ASIC3-activated key enzymes of de novo lipid synthesis supports lactate-driven EMT and the metastasis of colorectal cancer cells.

机构信息

Department of Pharmacology, Sichuan University West China School of Basic Medical Sciences & Forensic Medicine, Chengdu, 610041, China.

Department of Pharmacology, Hubei Minzu University Health Science Center, Enshi, 445000, China.

出版信息

Cell Commun Signal. 2024 Aug 2;22(1):388. doi: 10.1186/s12964-024-01762-z.

DOI:10.1186/s12964-024-01762-z
PMID:39095886
原文链接:https://pmc.ncbi.nlm.nih.gov/articles/PMC11295509/
Abstract

Acidic microenvironments is a cancer progression driver, unclear core mechanism hinders the discovery of new diagnostic or therapeutic targets. ASIC3 is an extracellular proton sensor and acid-sensitive, but its role in acidic tumor microenvironment of colorectal cancer is not reported. Functional analysis data show that colorectal cancer cells respond to specific concentration of lactate to accelerate invasion and metastasis, and ASIC3 is the main actor in this process. Mechanism reveal de novo lipid synthesis is a regulatory process of ASIC3, down-regulated ASIC3 increases and interacts with ACC1 and SCD1, which are key enzymes in de novo lipid synthesis pathway, this interaction results in increased unsaturated fatty acids, which in turn induce EMT to promote metastasis, and overexpression of ASIC3 reduces acidic TME-enhanced colorectal cancer metastasis.

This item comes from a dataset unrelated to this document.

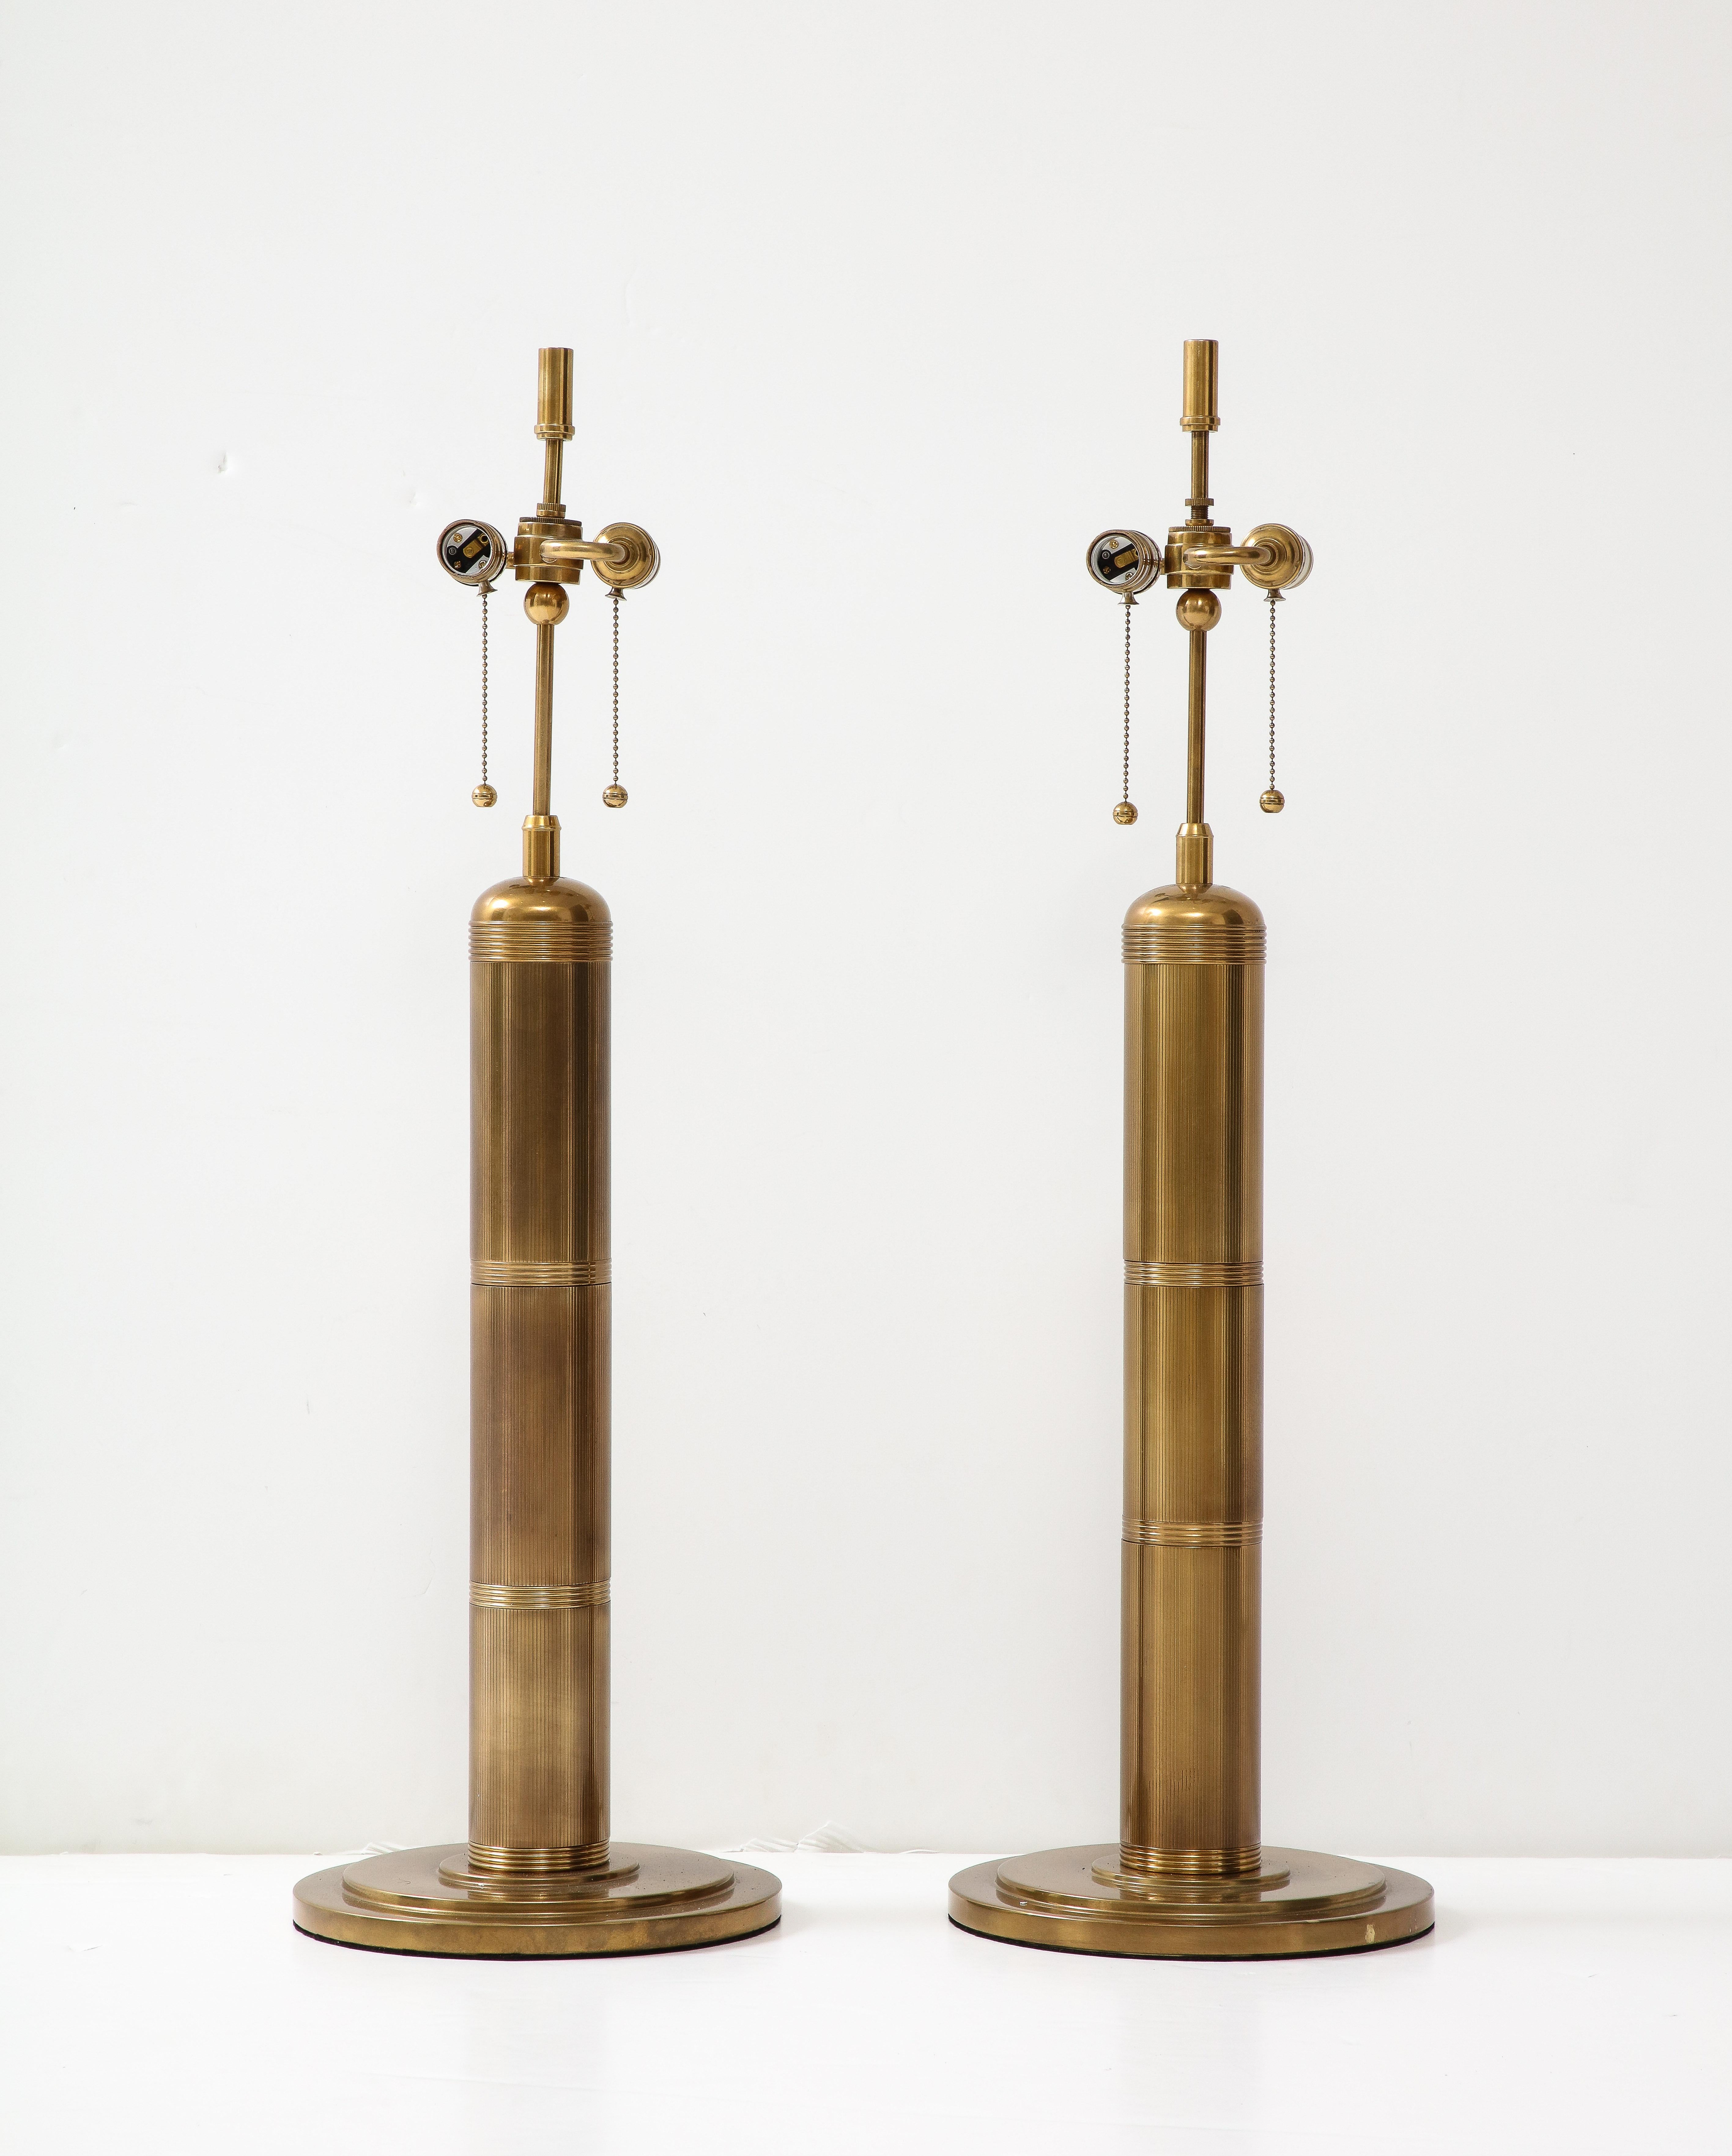 Modernist pair of bronze lamps with machine engraved column bodies and stepped disc bases. Lamps feature double pull chain sockets. Rewired for use in the USA with brown fabric cords by an UL listed electrician. 75W bulb max each bulb, unless LED.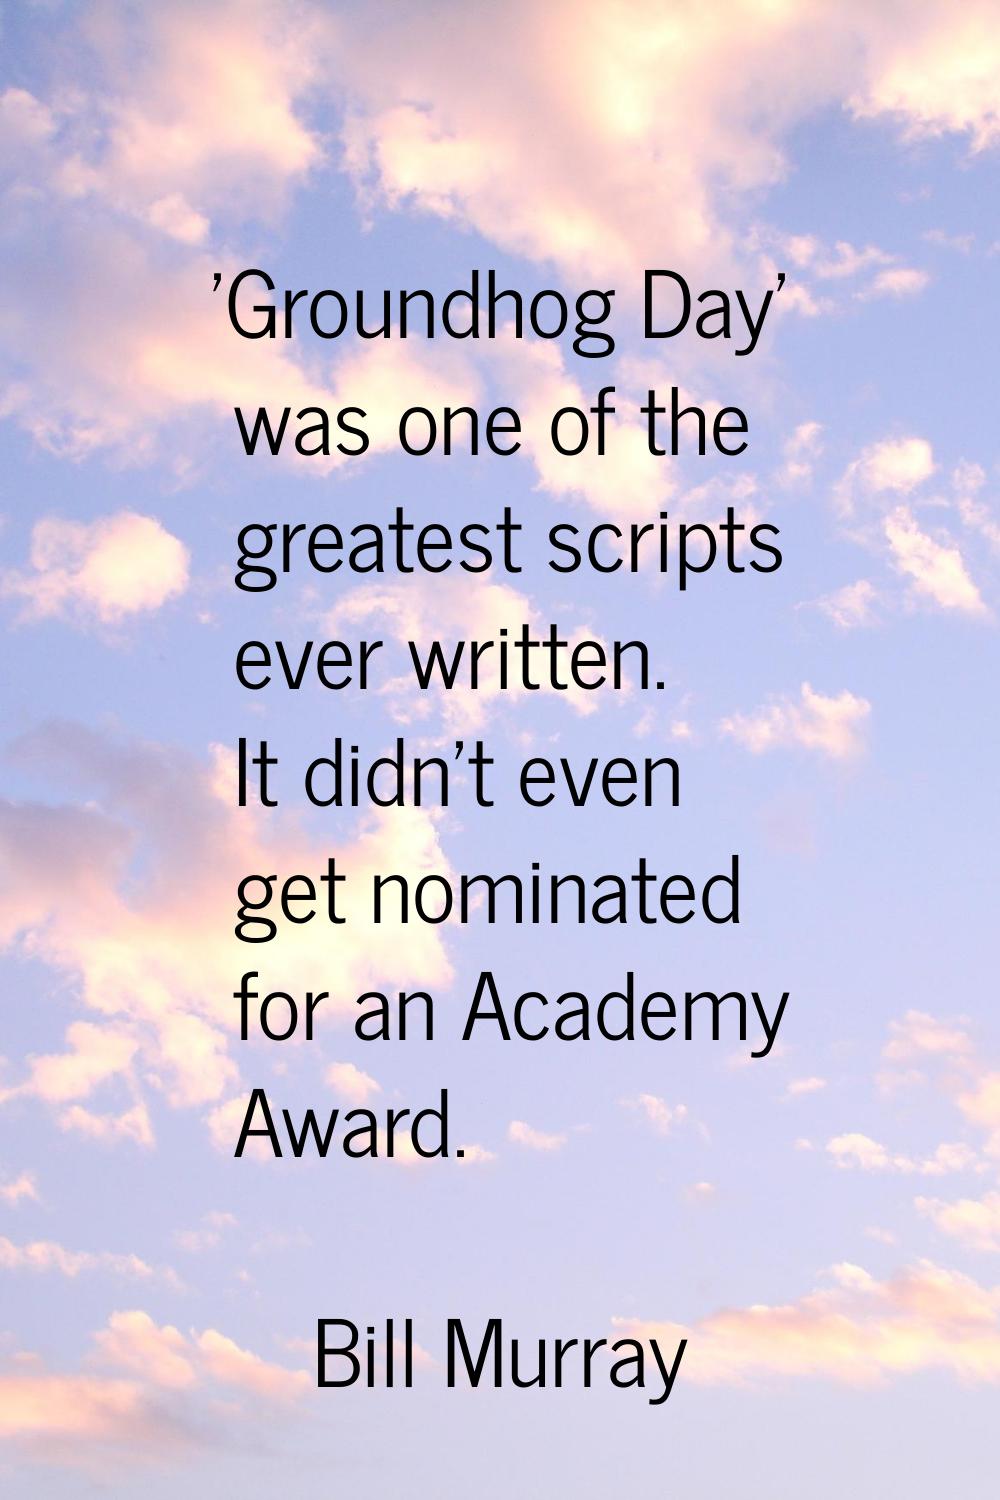 'Groundhog Day' was one of the greatest scripts ever written. It didn't even get nominated for an A

Clinical samples of colorectal cancer also exhibit decreased ASIC3 expression, and low ASIC3 expression is associated with metastasis and stage of colorectal cancer. This study is the first to identify the role of the ASIC3-ACC1/SCD1 axis in acid-enhanced colorectal cancer metastasis. The expression pattern of ASIC3 in colorectal cancer differs significantly from that in other types of cancers, ASIC3 may serve as a novel and reliable marker for acidic microenvironmental in colorectal cancer, and potentially a therapeutic target.

摘要

酸性微环境是癌症进展的驱动因素,但其核心机制尚不清楚,这阻碍了新的诊断或治疗靶点的发现。ASIC3 是一种细胞外质子传感器和酸敏感离子通道,但它在结直肠癌细胞酸性肿瘤微环境中的作用尚未报道。功能分析数据表明,结直肠癌细胞对特定浓度的乳酸作出反应,从而加速侵袭和转移,而 ASIC3 是这一过程中的主要作用因子。机制揭示,从头合成脂质是 ASIC3 的一个调节过程,下调的 ASIC3 增加并与从头合成脂质途径中的关键酶 ACC1 和 SCD1 相互作用,这种相互作用导致不饱和脂肪酸增加,进而诱导 EMT 促进转移,而过表达 ASIC3 则降低酸性 TME 增强的结直肠癌细胞转移。结直肠癌细胞的临床样本也表现出 ASIC3 表达降低,而 ASIC3 表达低与结直肠癌的转移和分期相关。本研究首次确定了 ASIC3-ACC1/SCD1 轴在酸增强的结直肠癌细胞转移中的作用。ASIC3 在结直肠癌中的表达模式与其他类型癌症中的表达模式有显著差异,ASIC3 可能成为结直肠癌酸性微环境的新型可靠标志物,并可能成为治疗靶点。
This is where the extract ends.